Every student enrolled in CS414 must have an EID, which they use to login to RamWeb, Canvas, etc. However, every CS414 student is also automatically given a Computer Science login as well. If you were enrolled in CS courses prior to this semester, you may already know about these accounts.
Using departmental machines is optional. You can do all your work on your personal machines. Having a CS login gives you another option for accessing email from Computer Science machines. You can also connect to departmental machines to check whether or not your programs will run here. Using your CS account, you can get access to certain Microsoft applications, as described below.
There are several linux machines named after state capitals (e.g., salem.cs.colostate.edu, denver, etc) that you can connect to. You must have an ssh client on your machine. For windows, you can install putty. Linux machines and macs come with ssh. A VPN is not required to connect to the CS machines.
You can transfer files from departmental machines to yours using sftp. You must connect to ftp.cs.colostate.edu and use your login and password.
You will need several tools in this course:
You can use any editor, compiler and runtime environment. One option is to install an editor (notepad, wordpad, emacs, vi, vim, etc), and use Sun's JDK and JRE to compile and run the programs. You are strongly encouraged to use the Eclipse Integrated Development Environment to do all the programming activities. The advantage is that Eclipse provides a good editor and debugger. It can also be integrated with version control software. Eclipse is the preferred IDE in our department. You can download Eclipse for free from here.
There are several tools available commercially and in the free software domain for drawing UML diagrams. Examples are Visio, Topcased, Eclipse-Omondo, ArgoUML, Poseidon, Visual Paradigm, and Rational Software Modeler. A list of some UML tools can be found on Wikipedia.
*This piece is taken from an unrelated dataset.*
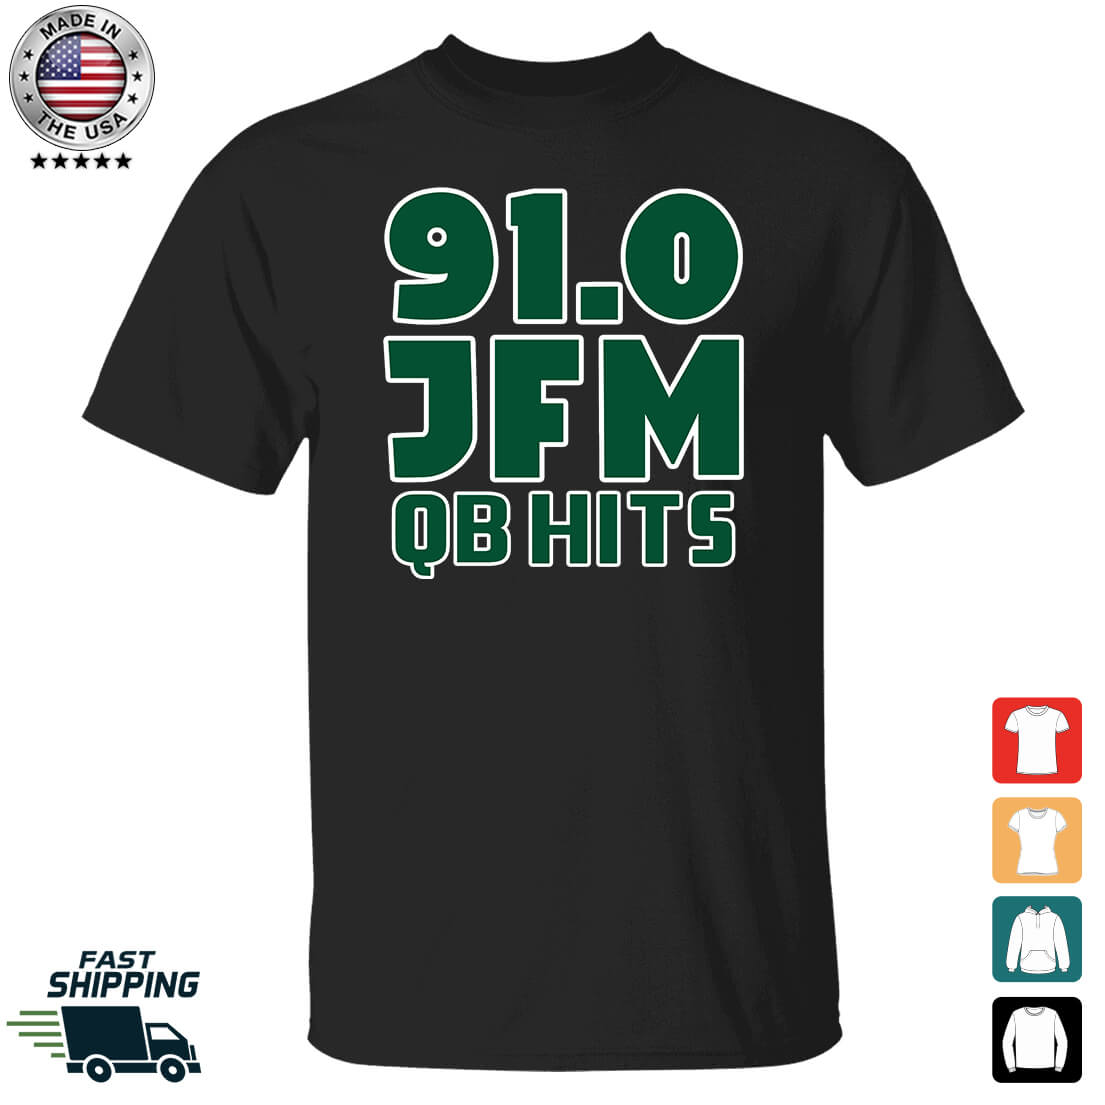 91.0 JFM QB Hist Shirt

Below is a select set of tools that support the modeling activities covered in our software engineering classes (e.g., CS314, CS414). Visio may be the best option for most of you. As long as you use a tool that exports diagrams to image files that can be inserted into a word / PDF document, you should be fine.
Microsoft Visio is installed on the Windows PCs in the department. You can also get it for free as described below.
Microsoft Imagine enables CSU Computer Science faculty members, undergraduate majors, graduate students, and certain classes to acquire software at minimal cost. Use your CS account user name and password to Log in to this website. Contact Paul Hansen (sna@cs.colostate.edu) if you have questions regarding access.
Anyone taking CS classes has a CS email account. Your CS email address is your CS login added to @cs.colostate.edu. Password is the same as your CS account. If you don't know your CS login, please send email to cs414@cs.colostate.edu.
Quick access to CS email is available here.
A modeling environment developed as part of an EU project. It was built to primarily support the development of critical embedded software. You can download it from here.
Another option, which has both a free and a trial version (free, time-limited, but has more functionality) is Visual Paradigm's SDE.
This is a pretty good UML tool that integrates with Eclipse, JBuilder, and a few other IDEs. The more functional versions also provide code-generation, so this might help out with the implementation.
Version control and source code control is very useful when you are working in a team. Even if you are not, it still helps to be able to retrieve an older version of a file that used to work when the current version is lost or broken. You must use GitHub in your projects.